As shown in Table 5, the effects of dipping of eggs in different SV solutions, times of eggs dipping and the interaction between them on lipids profile were not significant (P>0.05). The birds belong to SV3-group showed numerically lower total cholesterol, triglyceride and LDL than the birds belong to other experimental groups.

 

Table 5: Effect of in-ovo dipping in different concentration of sugarcane vinegar solutions at different times of embryonic ages on serum lipid profile of ducklings at hatch.

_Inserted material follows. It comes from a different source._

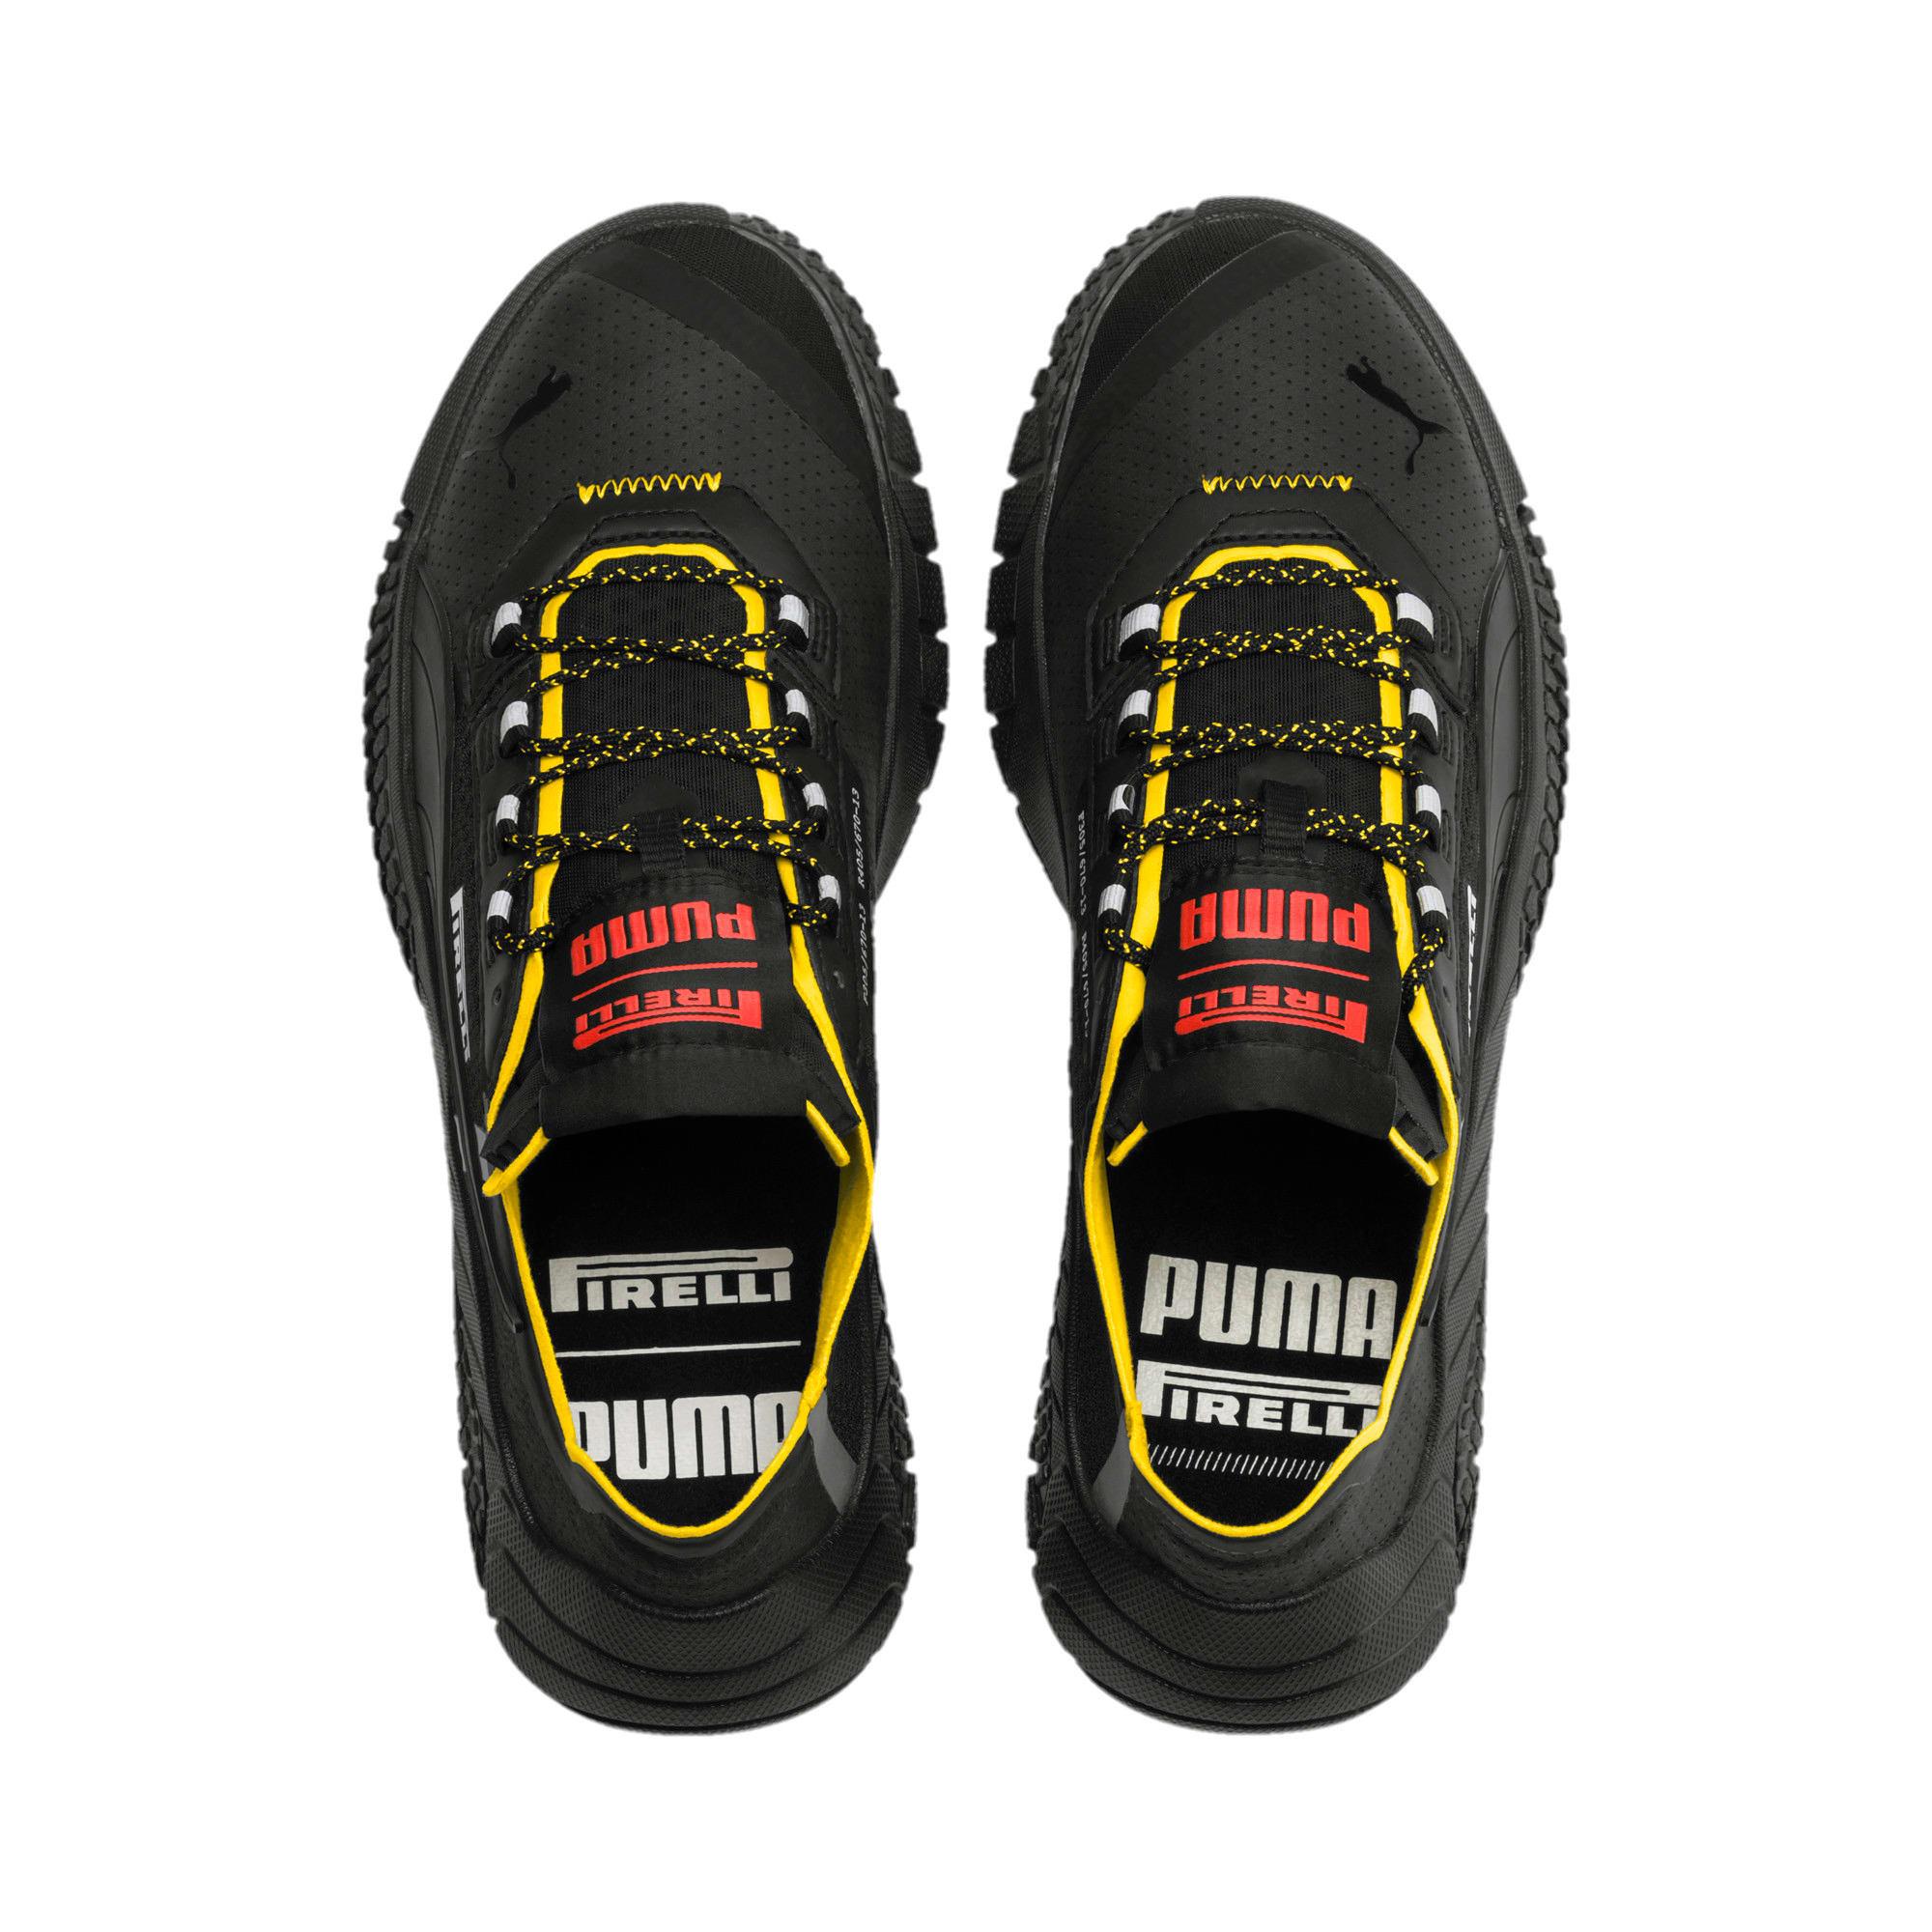 Thumbnail 6 of Replicat-X Pirelli Motorsport Shoes, Black-Black-Cyber Yellow, medium
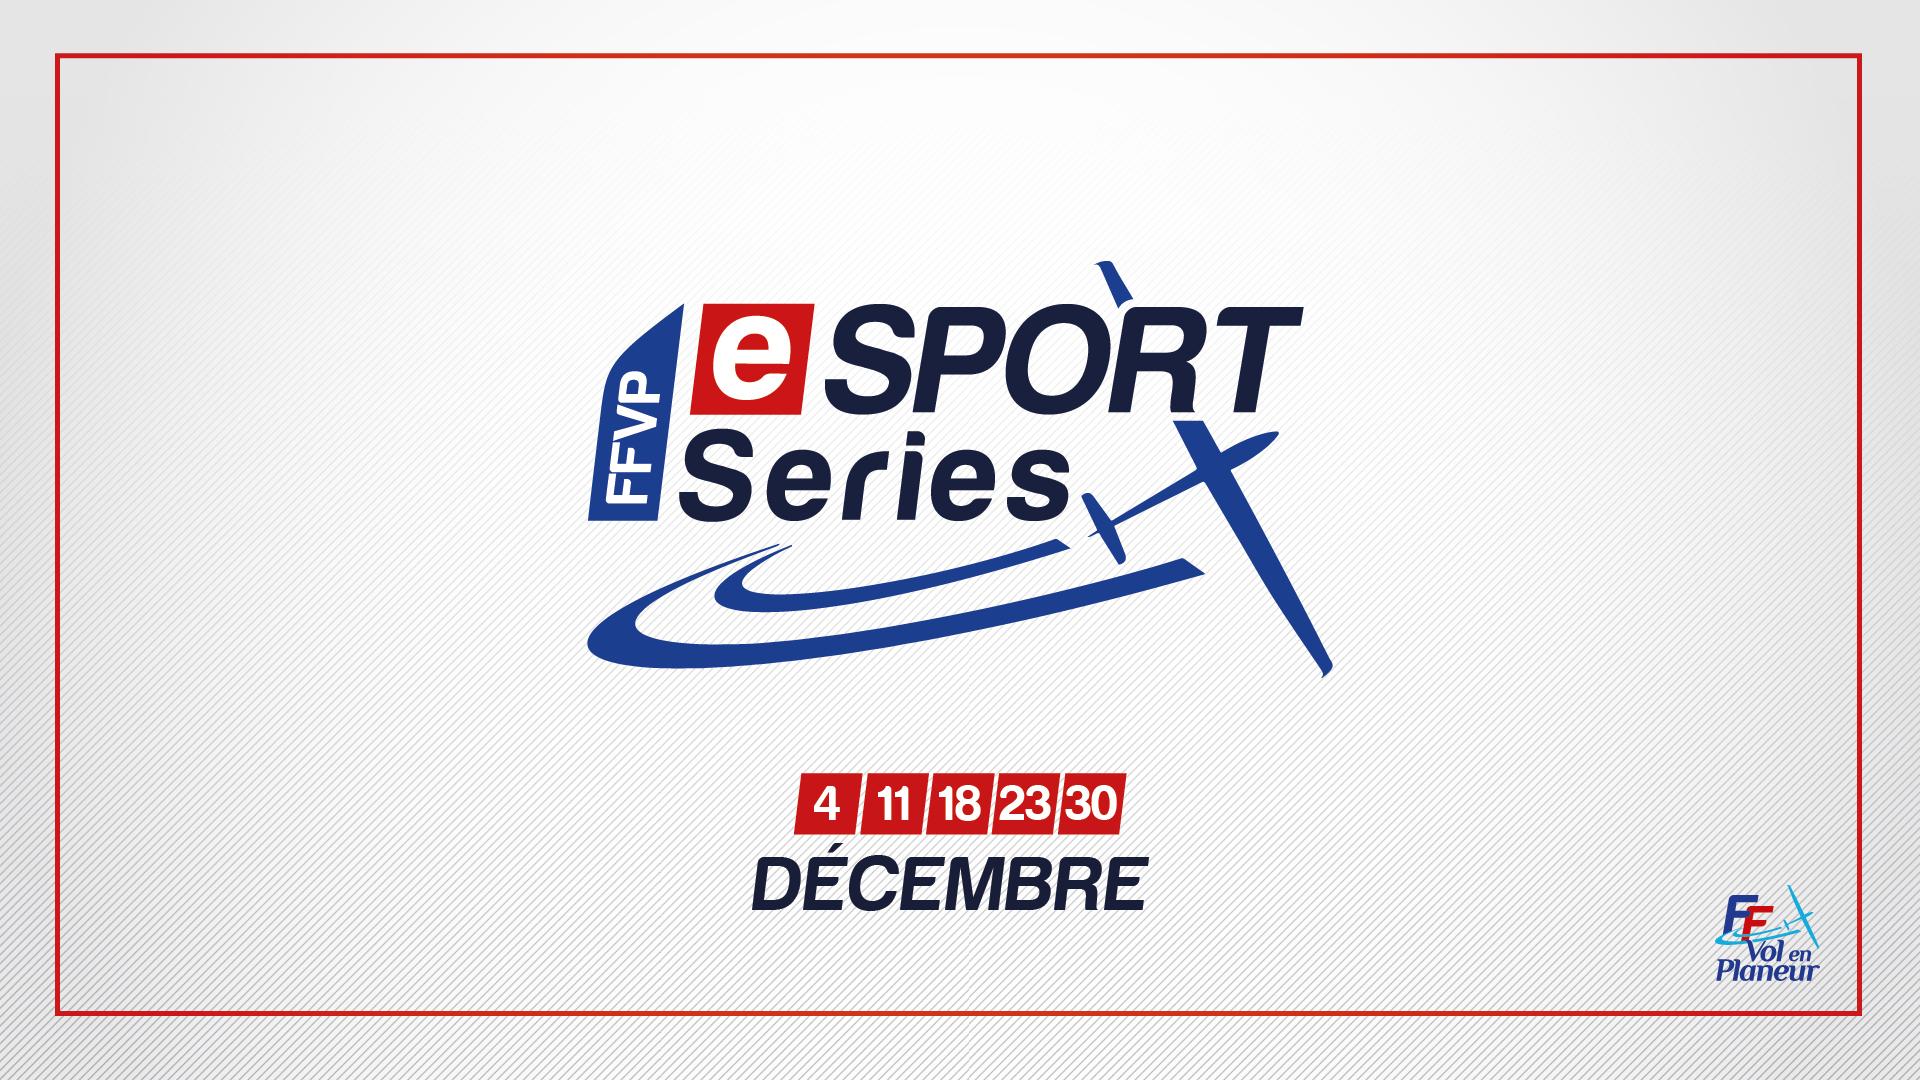 EsportSeries-Decembre2020-1920x1080-V1

Items1	Total cholesterol (mg/ dl)	Triglycerides (mg/ dl)	High density lipoprotein (mg/ dl)	Low density lipoprotein (mg/ dl)
Overall mean	503.83	134.67	160.62	317.58
Sugarcane vinegar solution concentrate effect
C	511.67	143.42	157.92	333.17
SV1	523.42	148.25	165.75	328.42
SV2	497.83	147.67	160.25	307.92
SV3	470.67	114.75	158.42	287.75
SV4	515.58	119.25	160.75	330.67
SEM	38.05	14.70	12.94	31.82
Sig.	NS	NS	NS	NS
Time of eggs dipping effect
T10	518.53	151.07	178.40	309.80
T17	557.73	116.40	177.60	363.80
T24	454.27	116.87	149.60	279.80
T31	484.80	154.33	136.87	316.93
SEM	34.03	13.15	11.58	28.46
Sig.	NS	NS	NS	NS

1C= control, SV1= positive control; SV2= 0.05% SV; SV3= 0.10% SV; SV4= 0.15% SV; T10= day 10th of embryonic age; T17= day 17th of embryonic age; T24= day 24th of embryonic age; T31= day 31st of embryonic age. a, b and cMeans in the same column and effect bearing different superscripts are significantly different (P≤0.05). SEM= standard error mean; NS = non-significant.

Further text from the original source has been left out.